In the meantime, both bodies should acknowledge its importance and promise to the public that their commitment is to address the question with the statesmanship that it deserves.

We know that Memphis City Council members are getting heat in some quarters for their votes on school funding, but the best way to address it is honestly and candidly. After all, the vote to bring more equity to the tax system was precisely the right move at the right time for roughly 75% of Memphis families.

8 comments:

Harvey said...

Awesome post. I like the way you slated tax equity as job #1. It doesn't mean that we don't have other jobs to do as a city, but it gives us a starting place. It also makes sense that tax restructuring needs to fall in place before other issues are handled.

Zippy the giver said...

I just hope that having a starting place is coupled with appropriate action aligned with the goal. I hate the atmosphere of "HOT AIR" at Memphis City Government. Big promises that have no action as step two are always a veil over monetary impropriety here in memphis.

Anonymous said...

You're right. We're not having the right conversation and that should be a discussion on fixing the tax structure.

I'm not of the belief that any amount of cutting school budgets or reducing government spending will produce some long lasting tax equity--if that's the utopia we're supposed to seek. Reductions hardly ever spark growth.

More importantly, though I am in the 75 percent without a child in either school system, I do recognize the value of education and my commitment as a citizen to do my part to ensure that our community continues to produce the quality and knowledgeable citizenry we need to grow in the future.

It's not all about me--or you.

Anonymous said...

First of all, I agree with you in this article. However, I have understood that the County should pick up the tab for funding City schools that the City has been doing for many years.

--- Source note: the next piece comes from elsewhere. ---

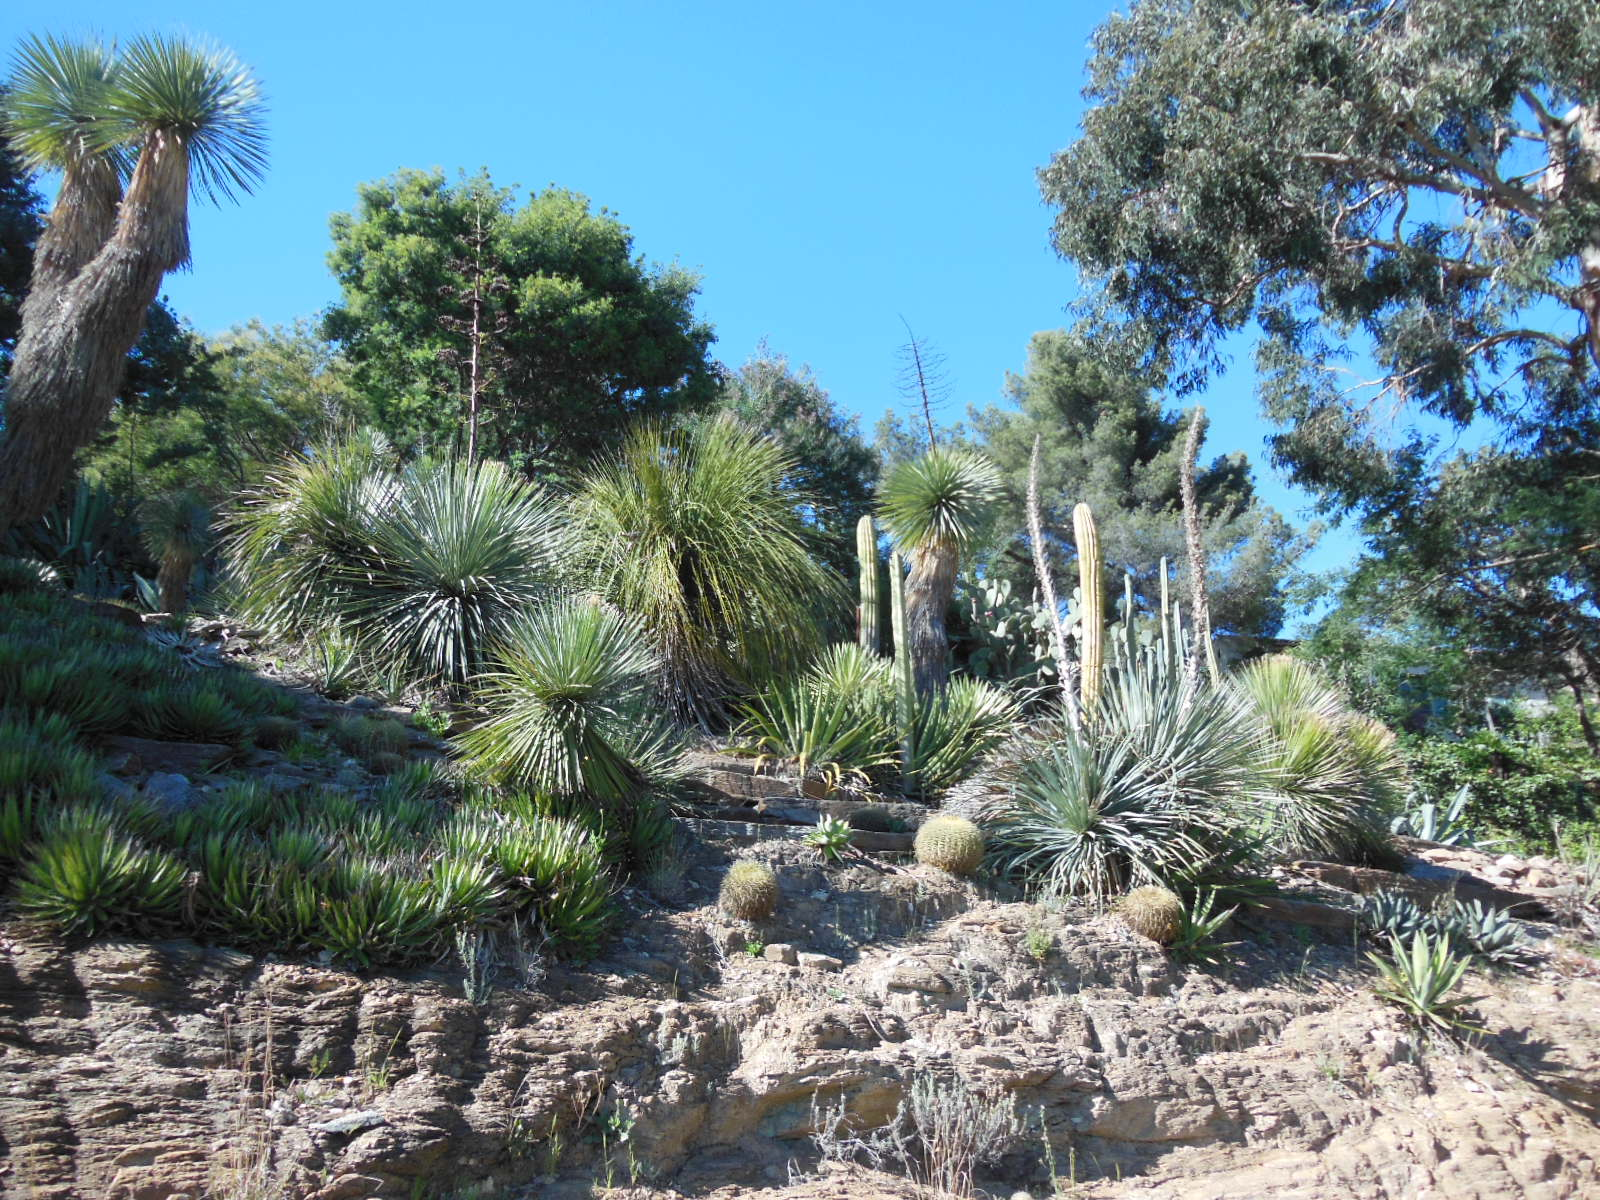 Domaine Du Rayol Le Jardin Des Mediterranees A Rayol Canadel Sur Mer

Why have we not heard an outcry for the funding burden to shift from the City Council to the County Commission?

Anonymous said...

Anonymous 11:42,
The county is ignorinig it hoping it will go away. The question is why haven't our reporters for the major news outlets been asking these questions of them? Why has no one asked SCS school board members?

Zippy the giver said...

BINGO!

Zippy the giver said...

Maybe it's because people are so easily fooled by a nice man who uses kind words in daylight but behind closed doors and in the dark something different and more focused on goals other than civic and fiscal success are higher on the agenda.

Anonymous said...

Entertaining post. It displays admirable arrogance and hubris in classifying a valid word as rural in origin and usage. I love it! More! More! Show those rednecks that we're not trifling with them. After all, we are "Smart City Memphis", even if the rurals do claim that's oxymoronic. That's the kind of quaint vocabulary we've come to expect from them, though, talking about oxen when we're trying to discuss important urban matters.